Collected data:

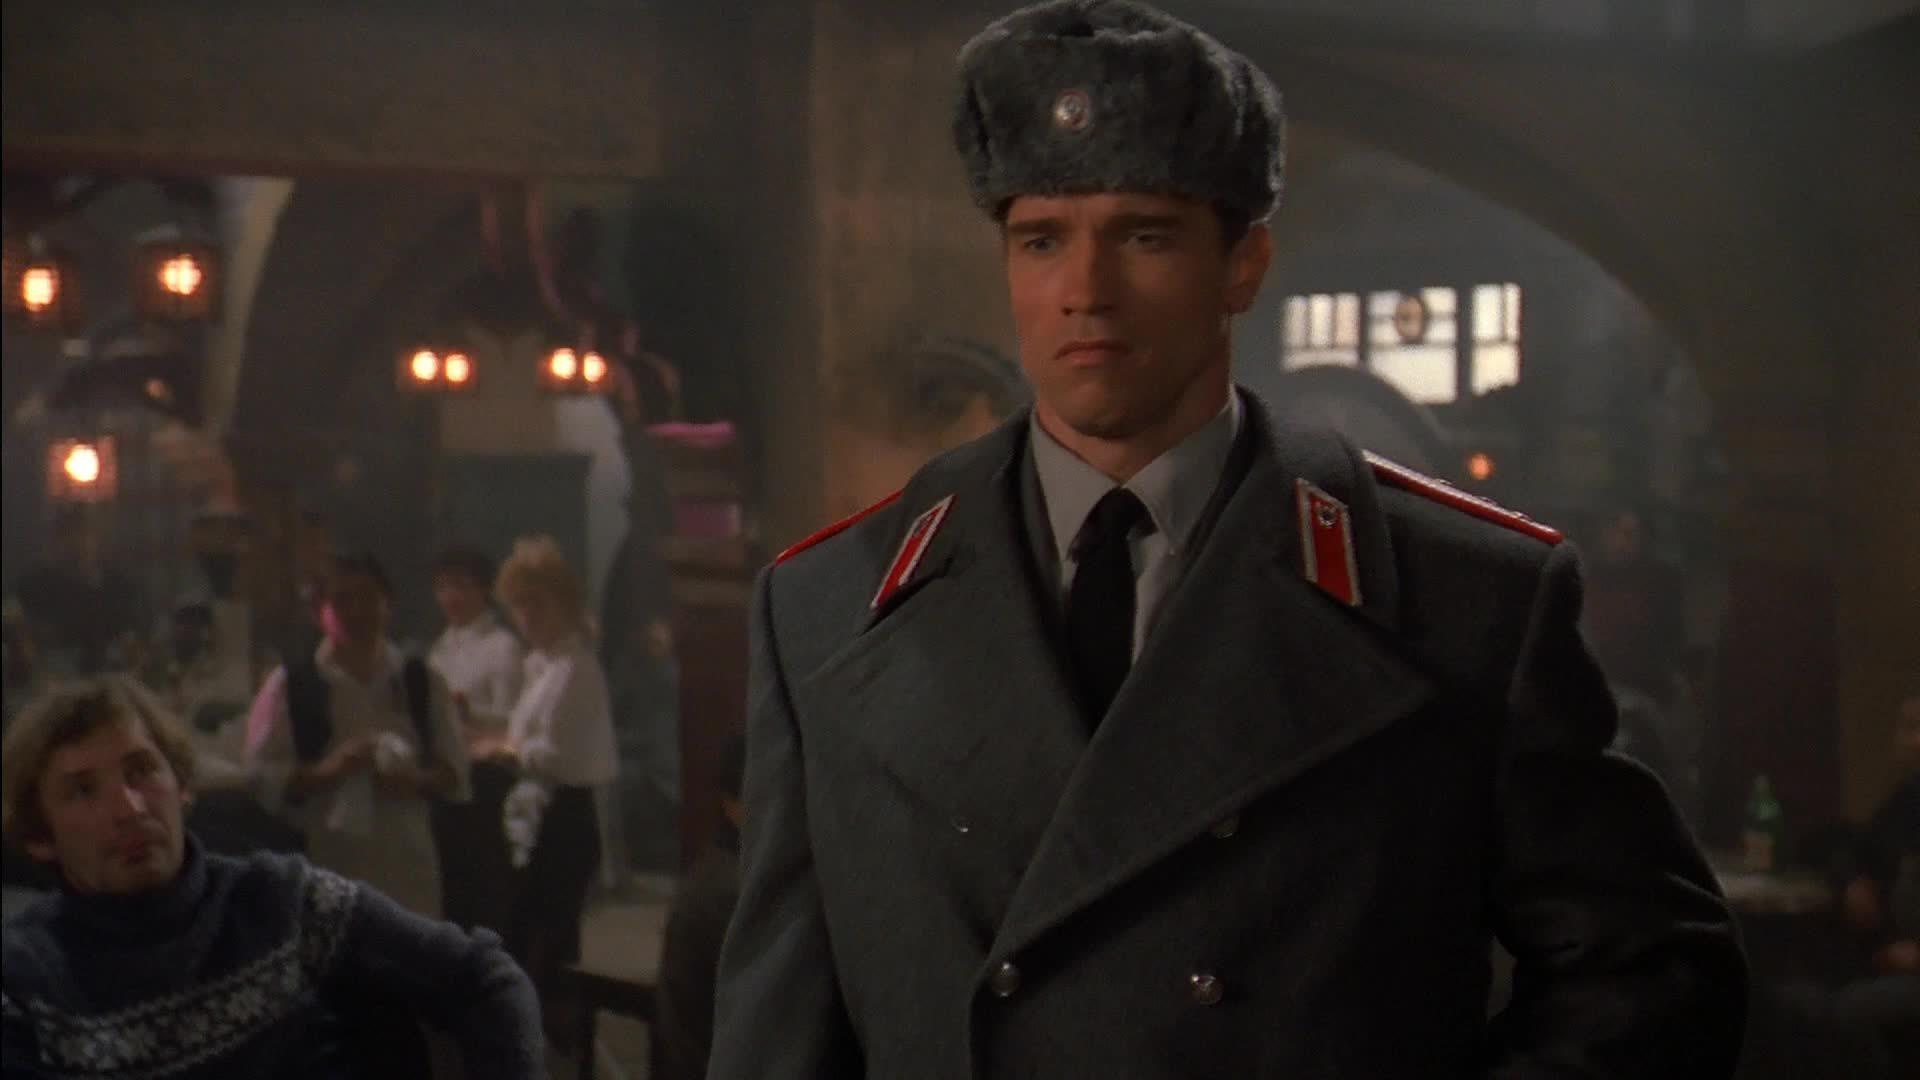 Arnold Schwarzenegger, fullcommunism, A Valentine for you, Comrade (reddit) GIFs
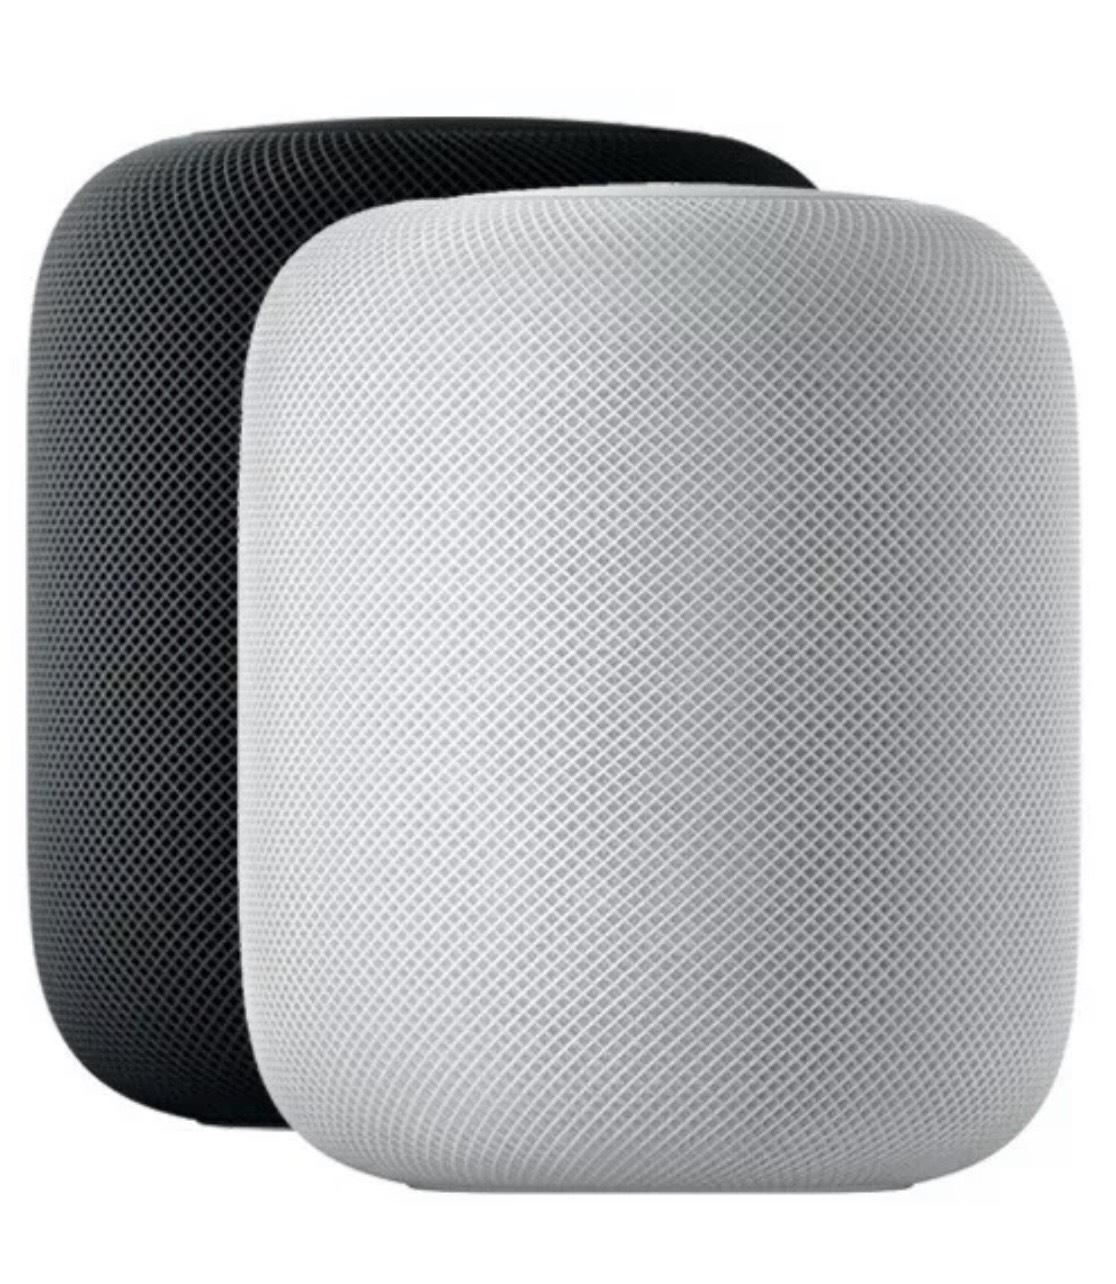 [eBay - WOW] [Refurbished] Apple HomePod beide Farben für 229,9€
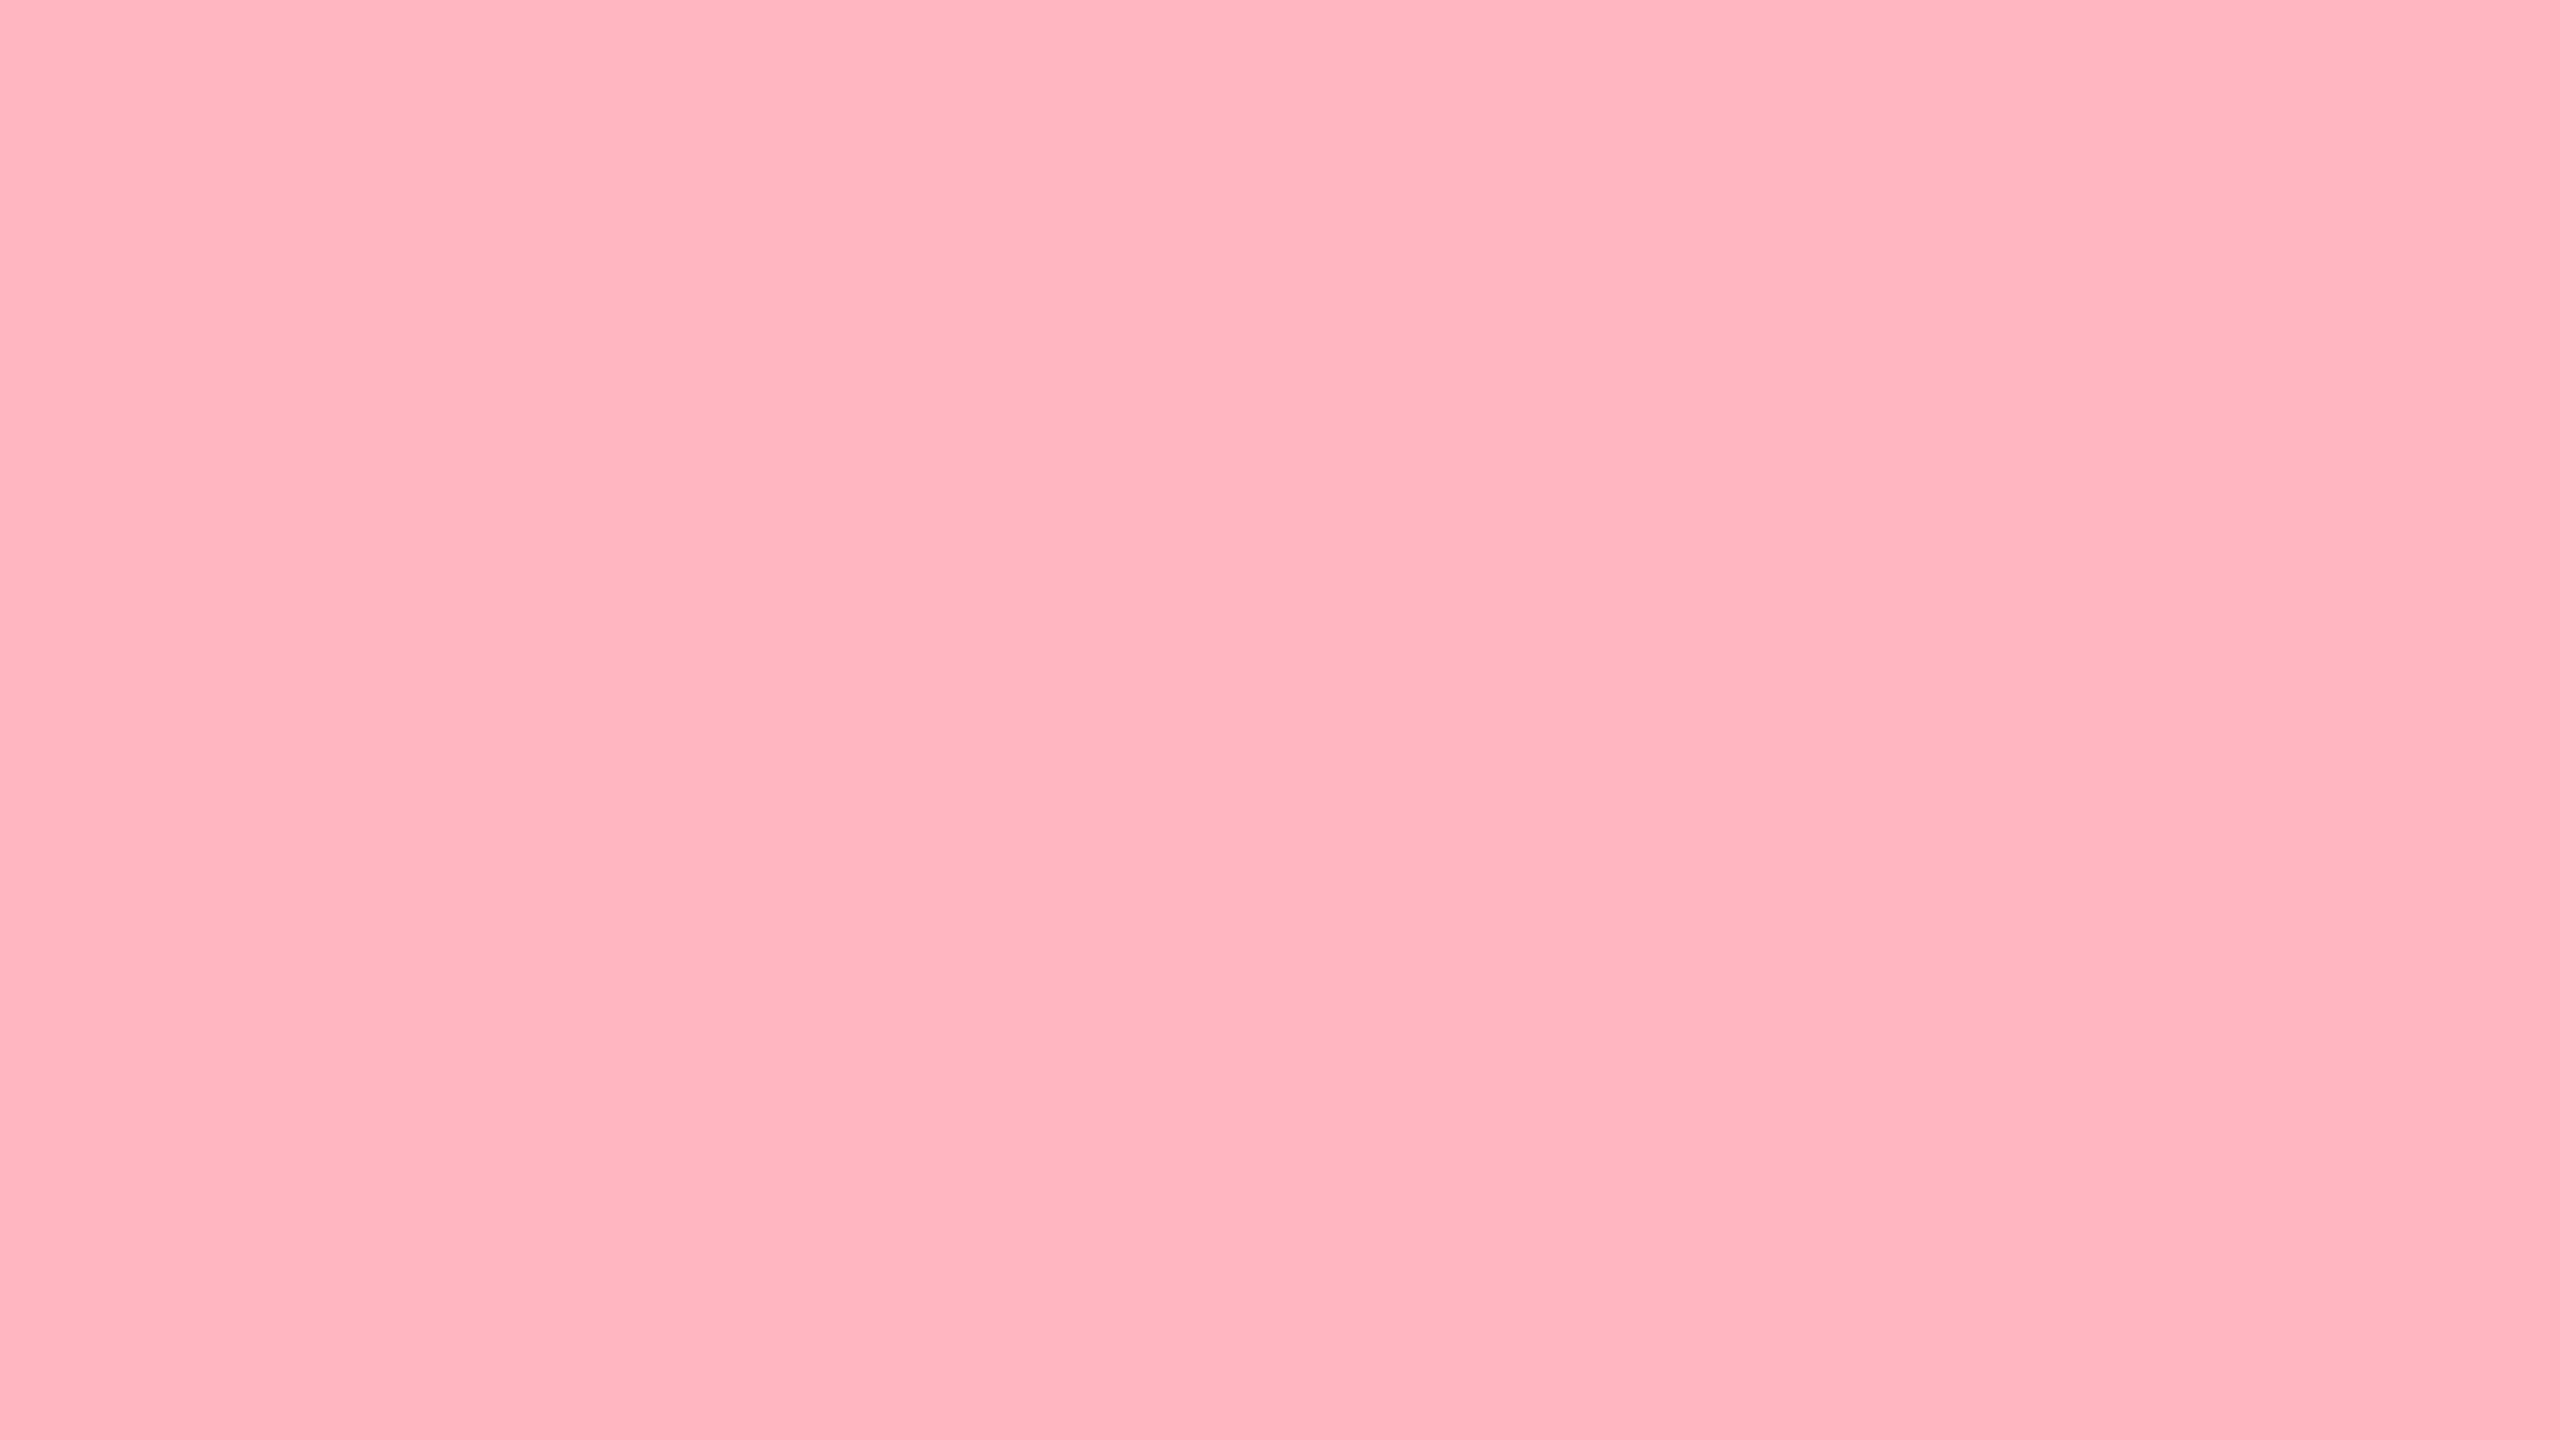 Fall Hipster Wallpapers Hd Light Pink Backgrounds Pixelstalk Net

Work required:
All that belongs in the answer is the exact run of lines from the line containing "[eBay - WOW]" to the end of the listing above, pictures removed.

Answer box:
 [eBay - WOW] [Refurbished] Apple HomePod beide Farben für 229,9€
 Fall Hipster Wallpapers Hd Light Pink Backgrounds Pixelstalk Net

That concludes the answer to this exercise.